SAN DIEGO (Border Report) — On the first floor of the University of San Diego’s library is a new exhibit with a wall coated with 1,500 manila and orange tags.
Each represents a migrant who has died while trying to enter the United States since 1994.
The manila-colored ones list an identified migrant while the orange tags denote unidentified human remains.
“This project was originally meant to visualize the deaths in the Arizona area,” said Meghan Donnelly, an assistant professor of anthropology at USD.
Donnelly and colleague Marni LaFleur decided to research and depict the number of migrants who have died along the California-Mexico border.

“We have 1,500 that are represented on this map,” said Donnelly. “In San Diego, there are many people who have never been down to the border, this issue feels like an issue that’s far from them and what this exhibit does is show them this is right in their backyard.”
Donnelly says migrant deaths along the southern border started to pile up in 1994 when the federal government decided to fortify urban areas along the border.

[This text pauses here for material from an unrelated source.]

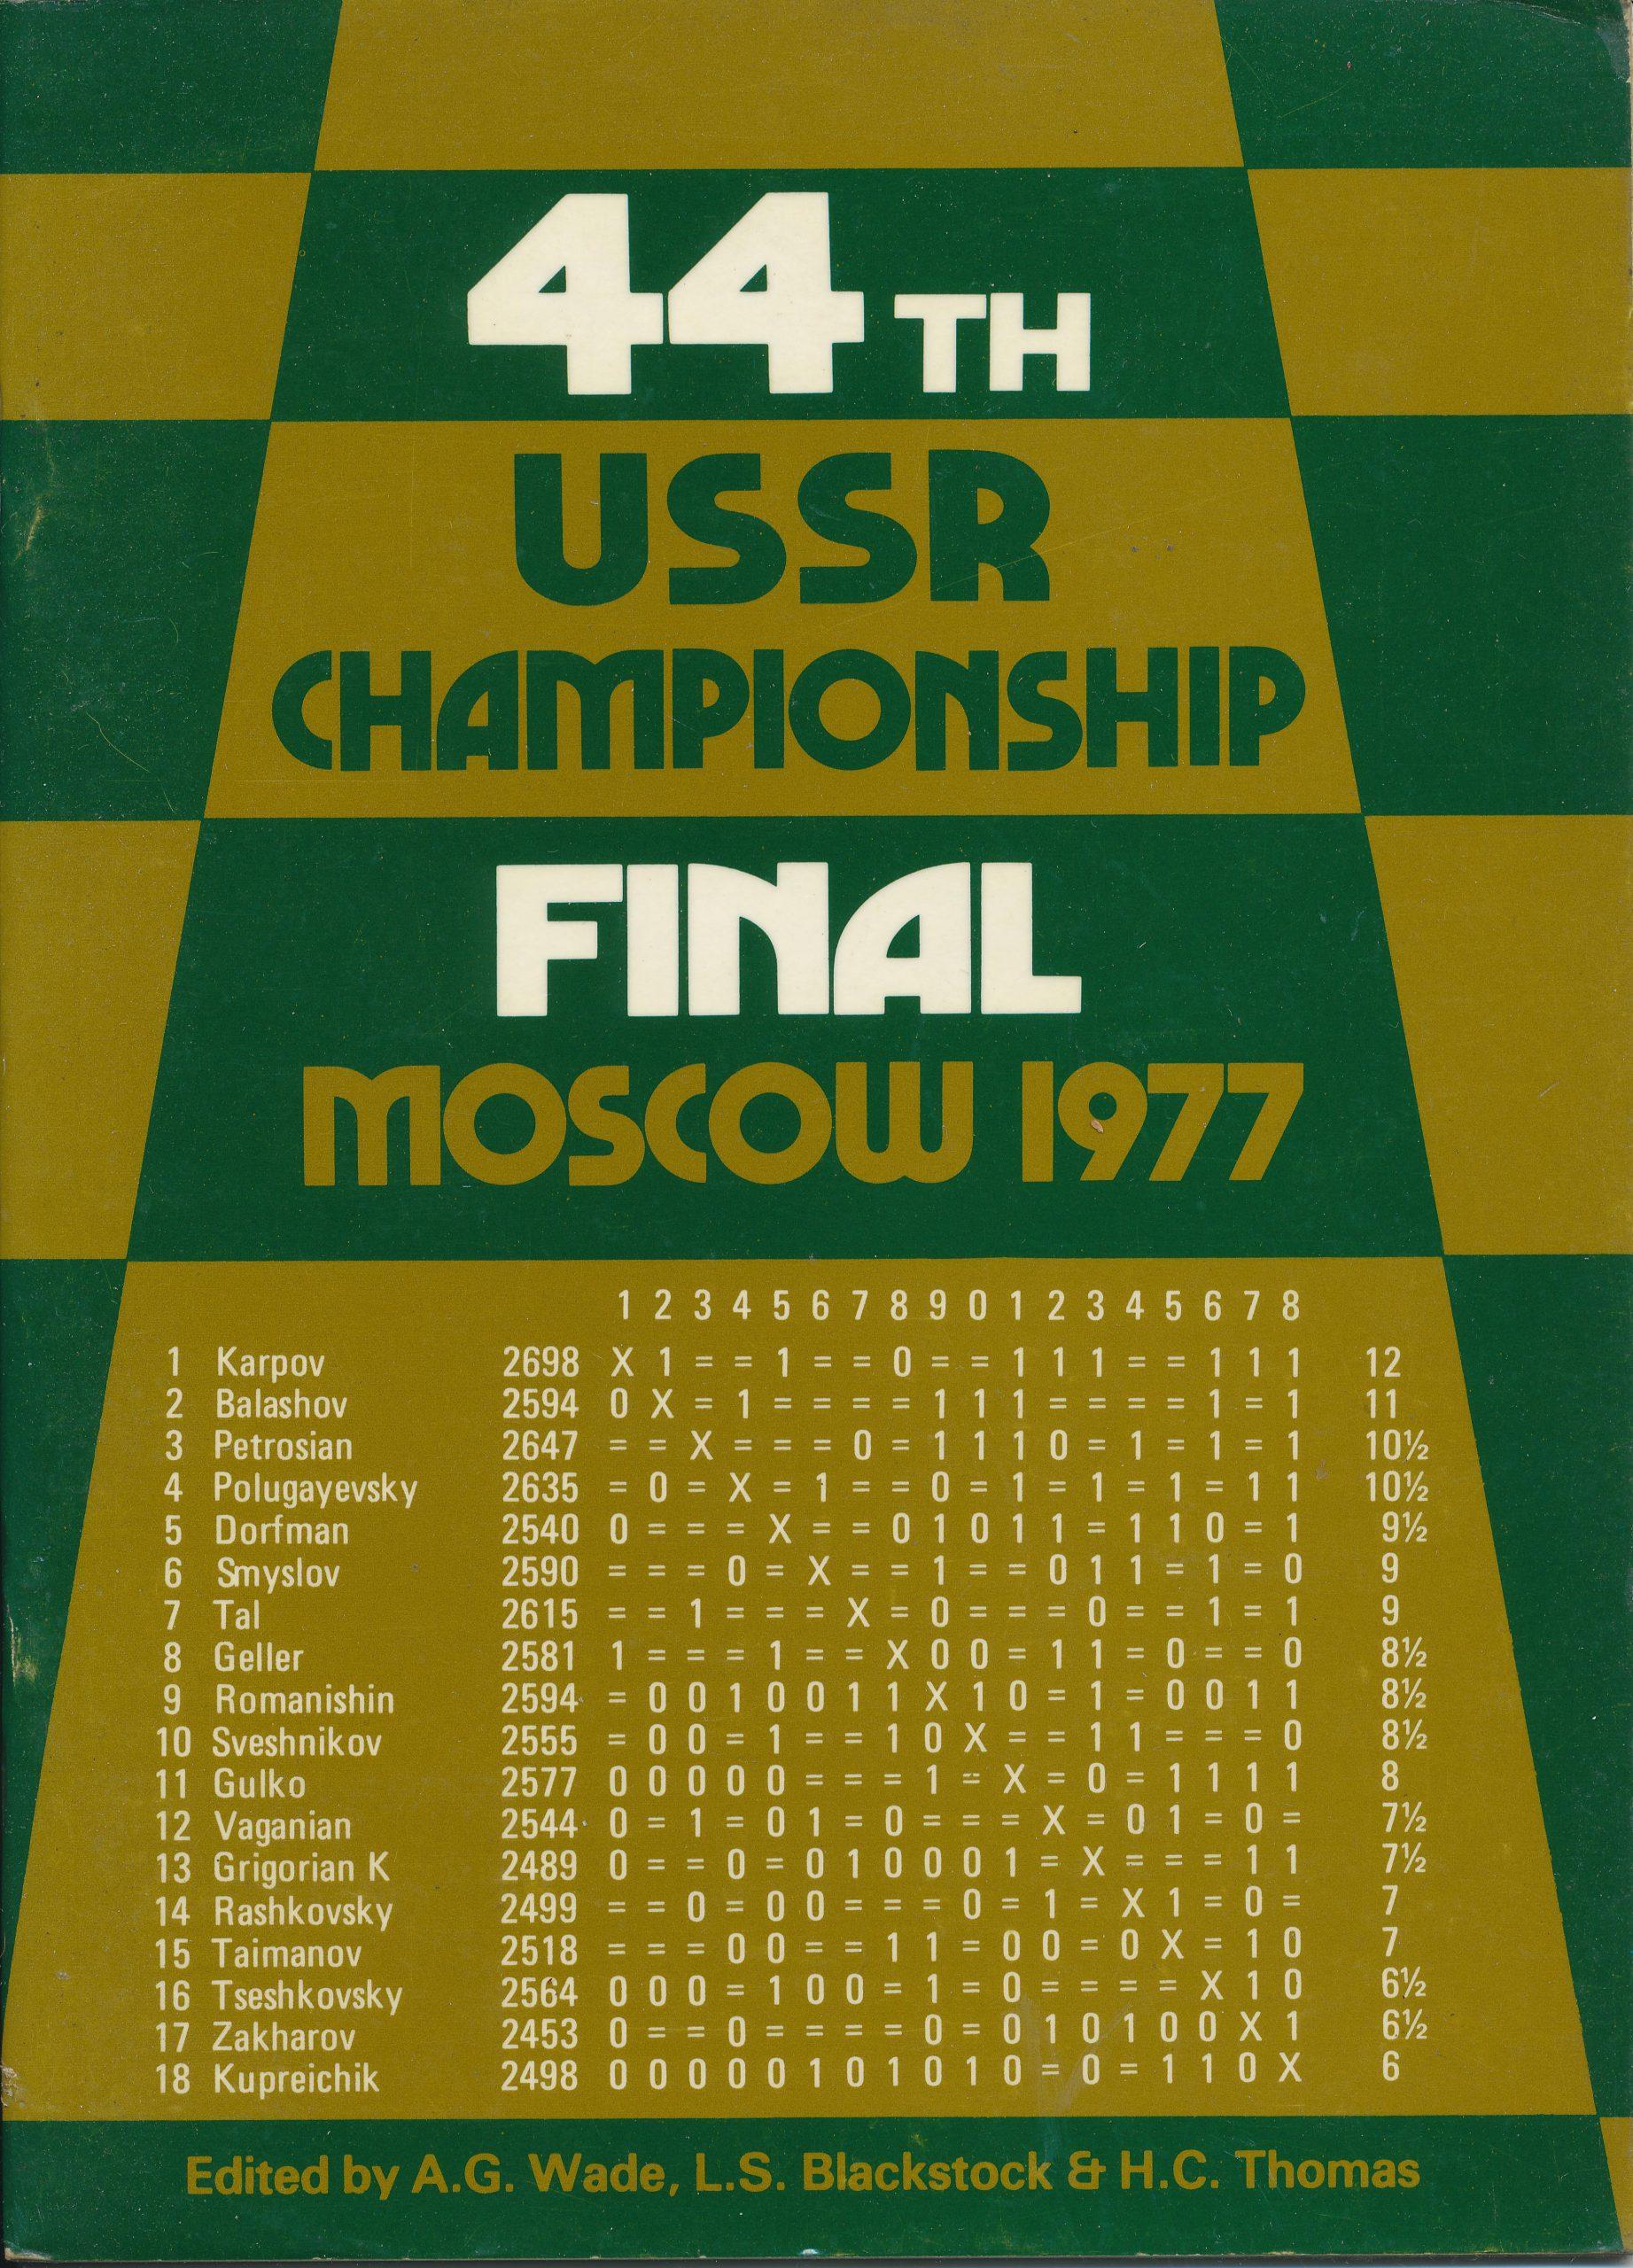 44th USSR Championship Final Moscow 1977, RG Wade, LS Blackstock and HC Thomas, Master Chess Publications, 1977

“They pushed migrants into the more dangerous and deadly areas of the desert and the mountains. Certainly there are more people that have died who we’re not representing, people have never been found,” she said.
The exhibit is called “Hostile Terrain 94.”

USD says the exhibition is interactive and also the product of the Undocumented Migration Project, which according to its website, is a research-arts-education collective that seeks to both raise awareness about migration issues globally while also helping to reunite families with their loved ones who have gone missing crossing the US-Mexico border.
“Putting these names on the walls makes you take a step back and ask yourself, ‘Am I OK with this,” said Griffon Hooper, an anthropology researcher with USD.
Hooper helped set up the exhibit, going as far as to write down the information on the tags.
“Transcribing the data from an Excel spreadsheet to a tag makes you realize some of these tags are the only identification these individuals have in the world; their parents, siblings, their sons and daughters have no idea what happened to them,” said Hooper.
While experiencing the displays, visitors will also notice a wall covered with butterflies and handwritten messages.
“They’re just symbolic of the freedom, in some cases to those who have passed, well wishes of their suffering and that their pain is over.”
The exhibition will run through May 17 at USD’s Copley Library during regular hours and is free to the public.